Exercise goal
Would you retype the listing word for word, skipping its pictures?

Recorded information
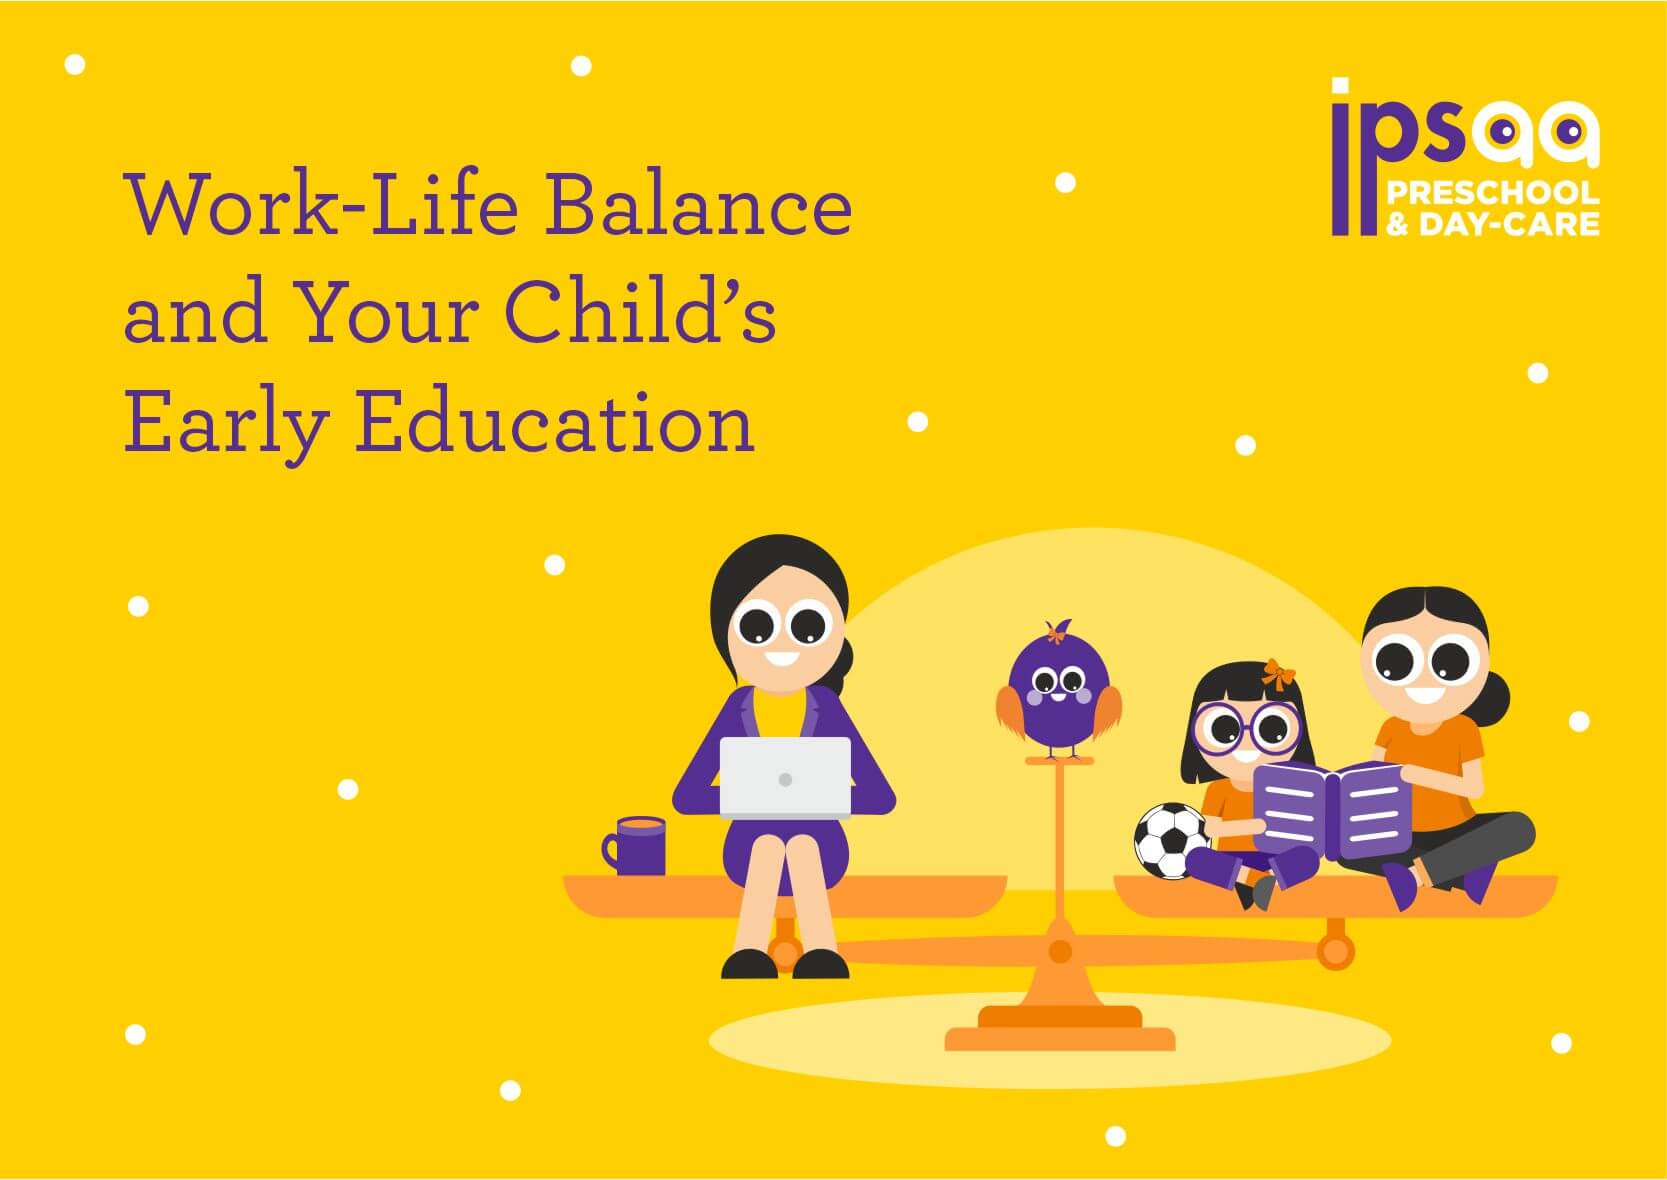 Work-Life Balance and Your Child’s Early Education
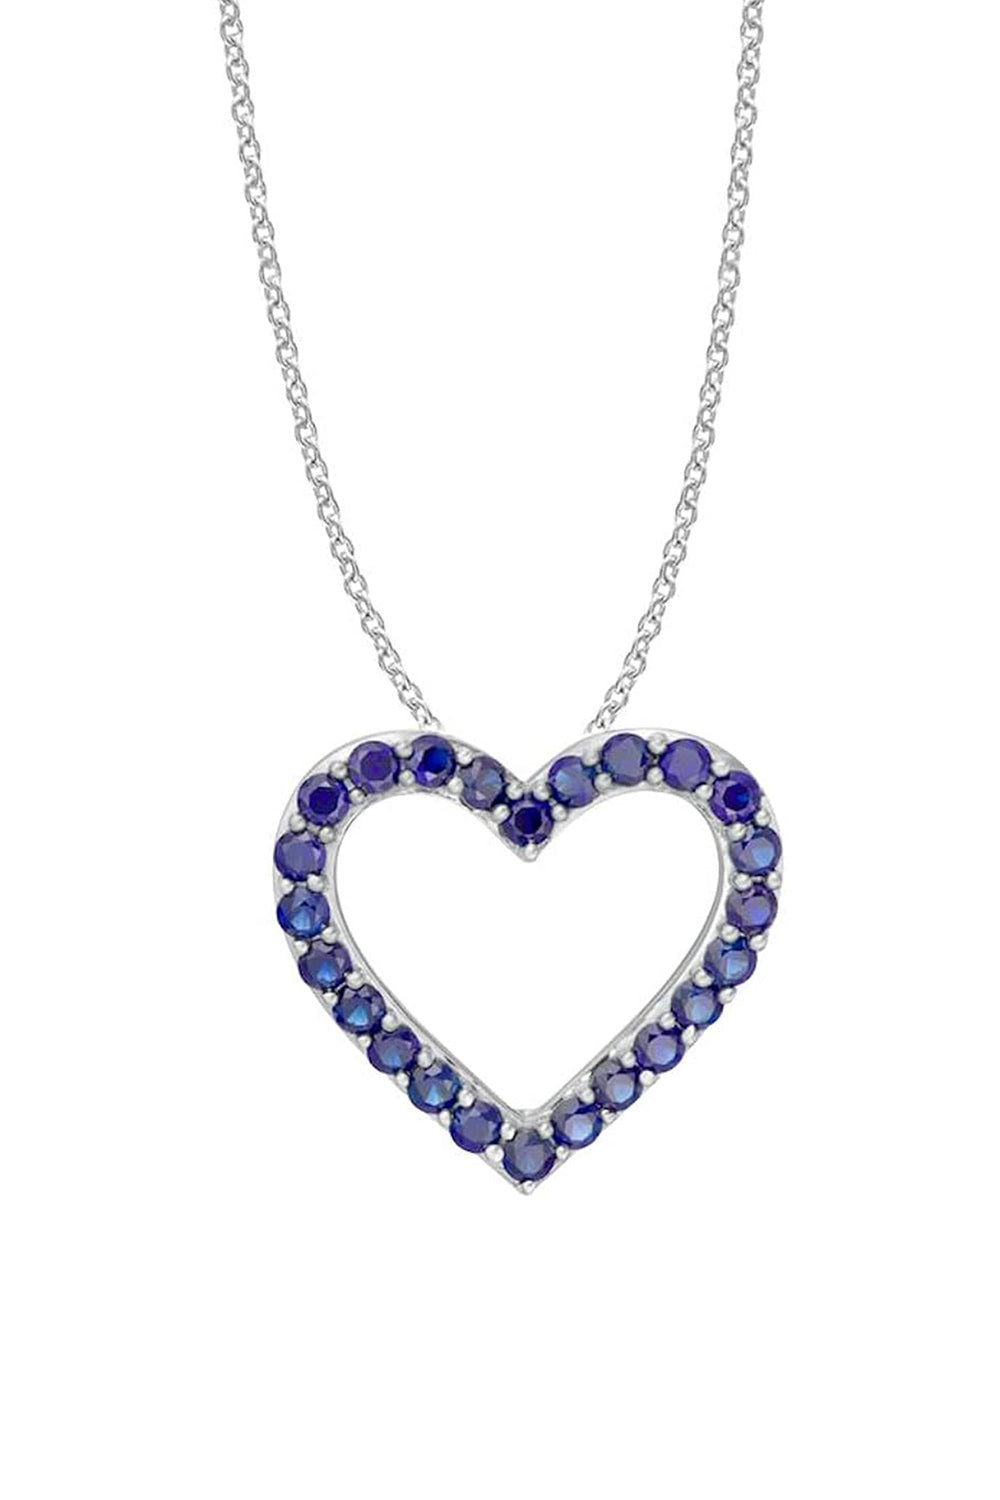 White Gold Chain with Blue Sapphire Open Heart Pendant
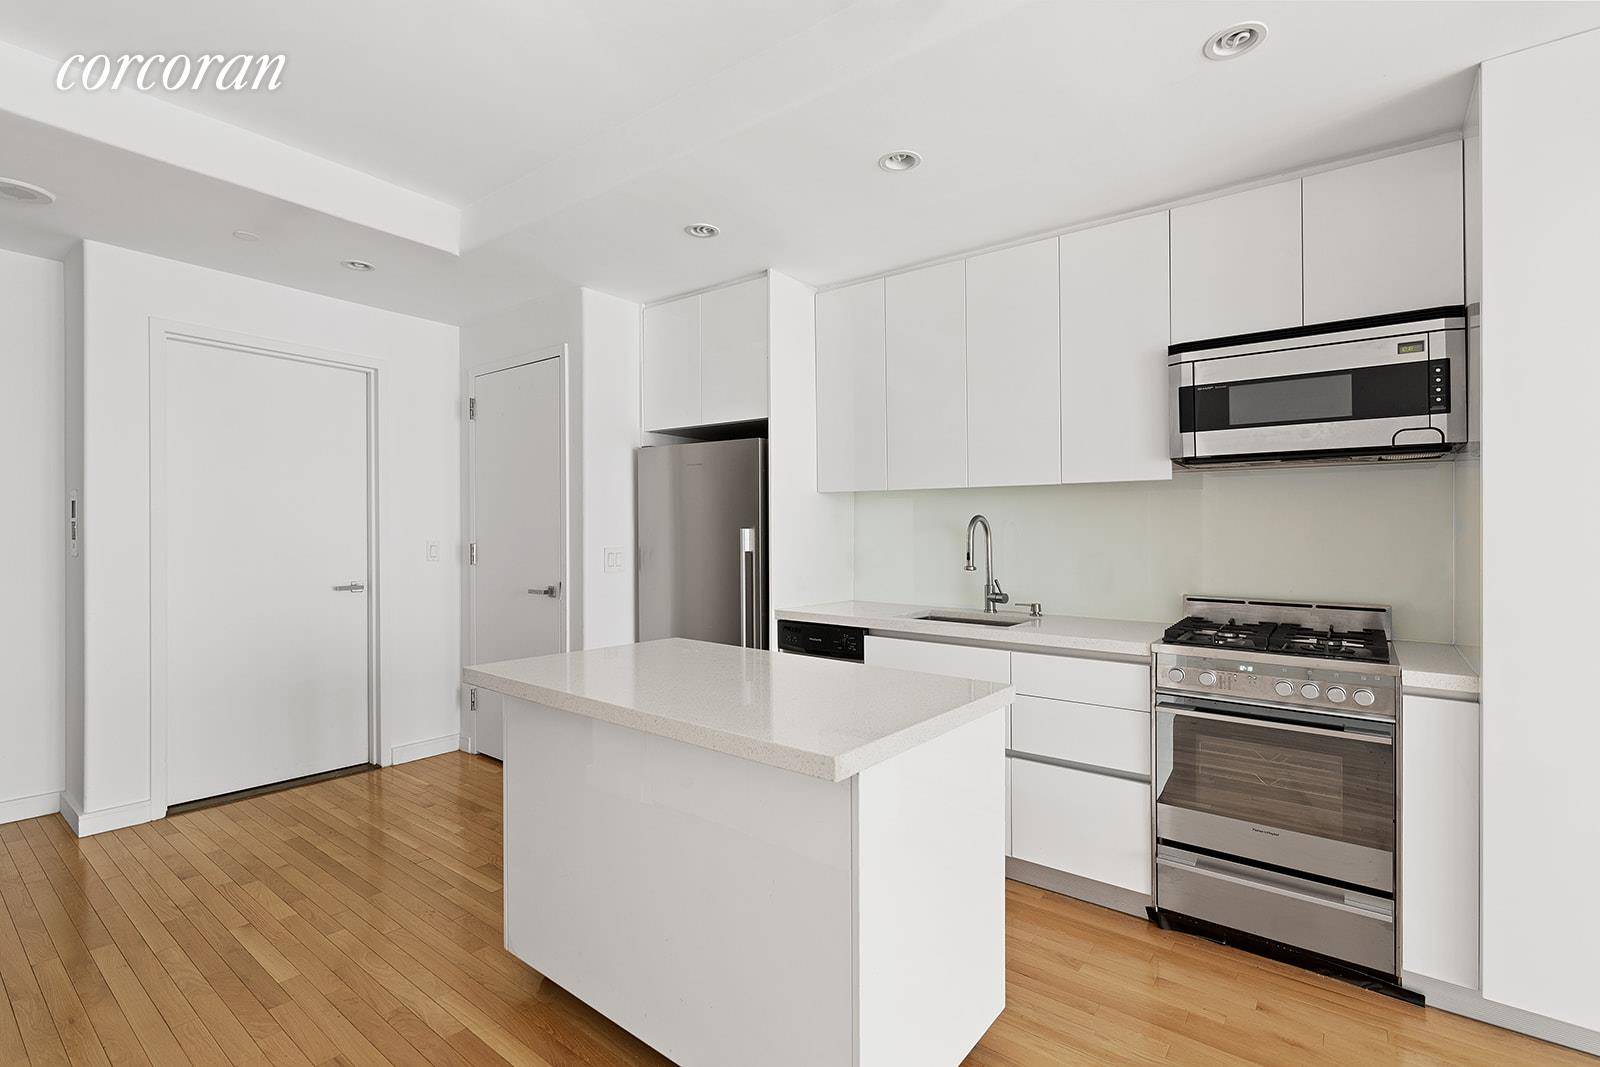 We are ready to Sell. This stylish studio features floor to ceiling double insulated windows, private balcony with cordless custom white oak hardwood floors, central A C.
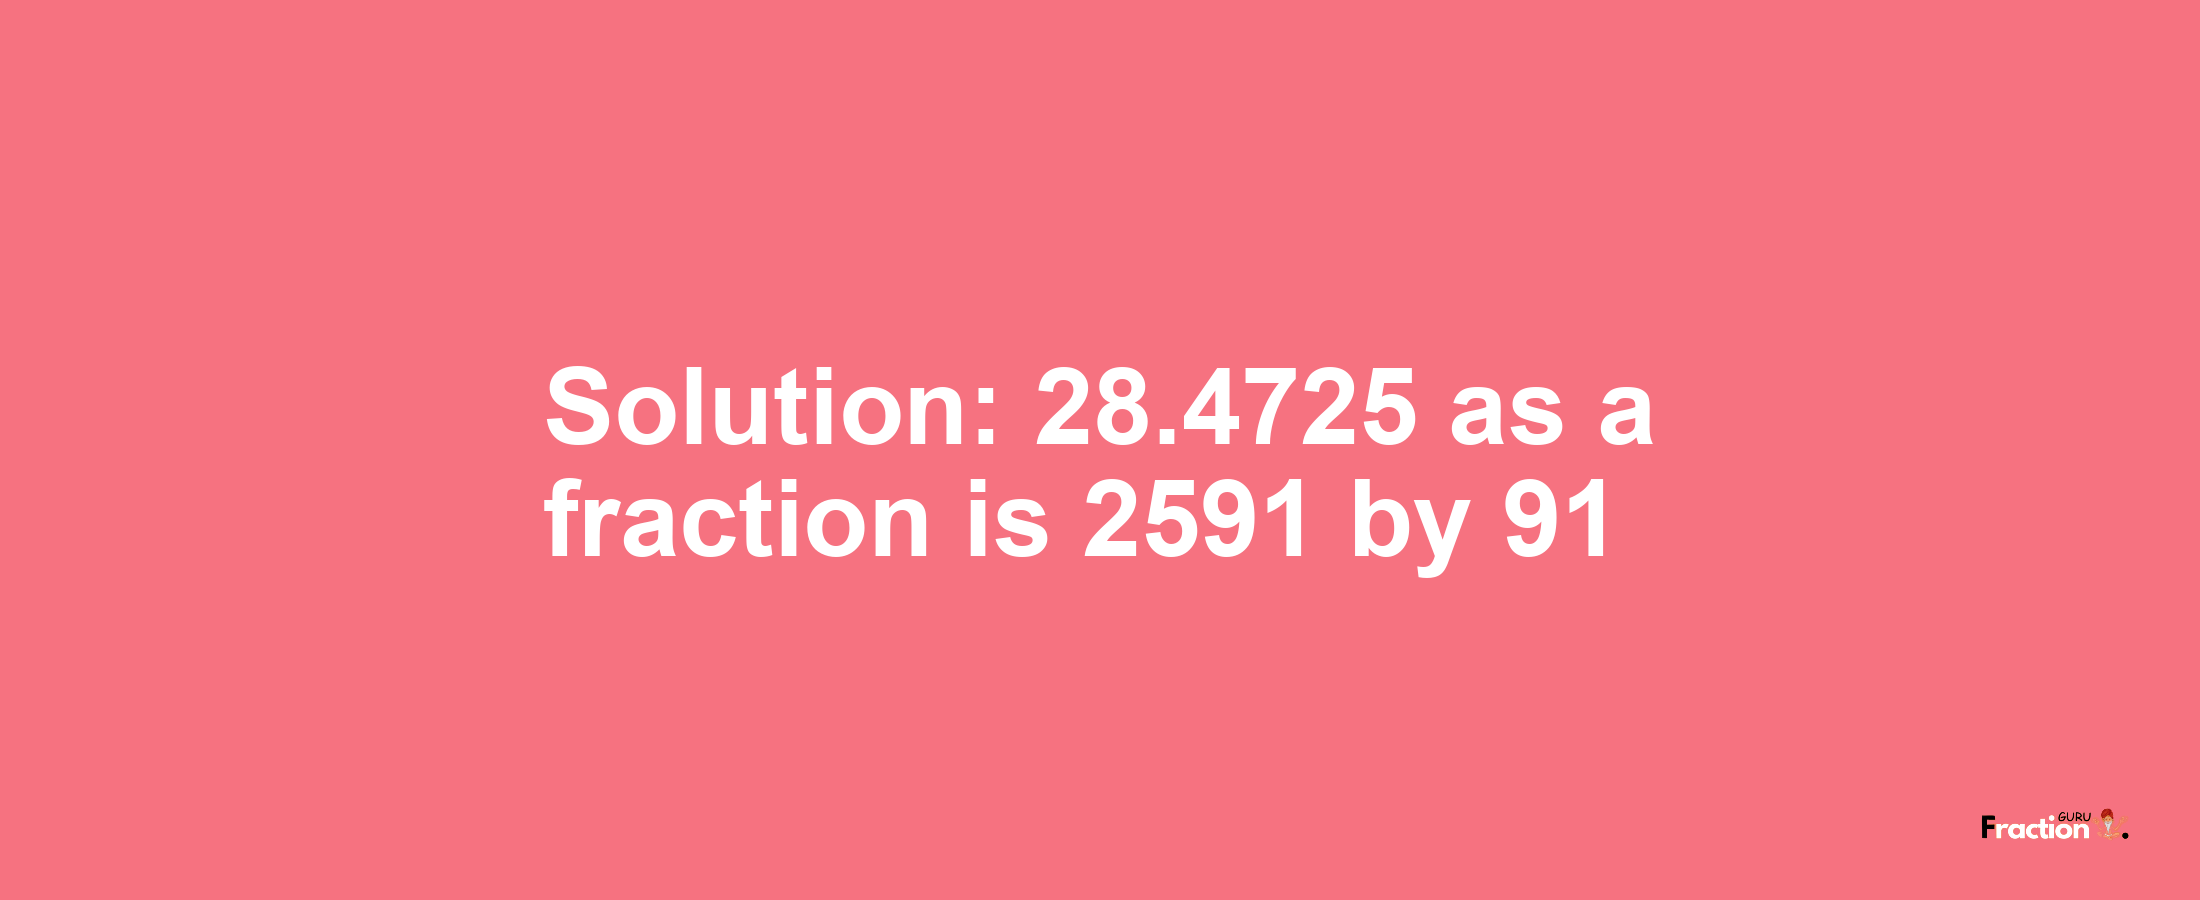 Solution:28.4725 as a fraction is 2591/91

Solved exercise
 Work-Life Balance and Your Child’s Early Education
 White Gold Chain with Blue Sapphire Open Heart Pendant
 We are ready to Sell. This stylish studio features floor to ceiling double insulated windows, private balcony with cordless custom white oak hardwood floors, central A C.
 Solution:28.4725 as a fraction is 2591/91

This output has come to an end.